John Tory has already been mayor of amalgamated Toronto longer than anyone else. While the scars this city bears are not all his doing, the recent ones, the ones that still aren’t fully healed, he can’t wash his hands of responsibility although that is something he does best, absolving himself of any and all accountability for anything and everything that’s broken and misused. It’s the province’s fault, he whines. It’s the feds. Covid. Not my jurisdiction.

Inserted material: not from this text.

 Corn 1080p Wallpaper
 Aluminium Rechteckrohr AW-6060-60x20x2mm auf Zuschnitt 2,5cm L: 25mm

As a politician, John Tory has always aimed low, his ambitions purely personal which may explain his success as Toronto mayor. He represents the prosperous constituency of homeowners, high-end vehicle drivers, managerial and speculator class members who conflate their vested interests with city’s. If they’re doing well, thriving, the city must be too. After all, Toronto ranks up near the top of the Best Of, Top Of lists in high profile publications that can be found in business lounges of important Canadian airports. John Tory’s Toronto votes with a critical eye on What can the city do for me? rather than What can I do for the city? And John Tory’s Toronto votes.

That’s not to say he’s remade Toronto in his image. John Tory’s simply the logical conclusion of the city’s entrenched and politically re-enforced status quo. It’s the pampered, largely ceremonial role he was born to play.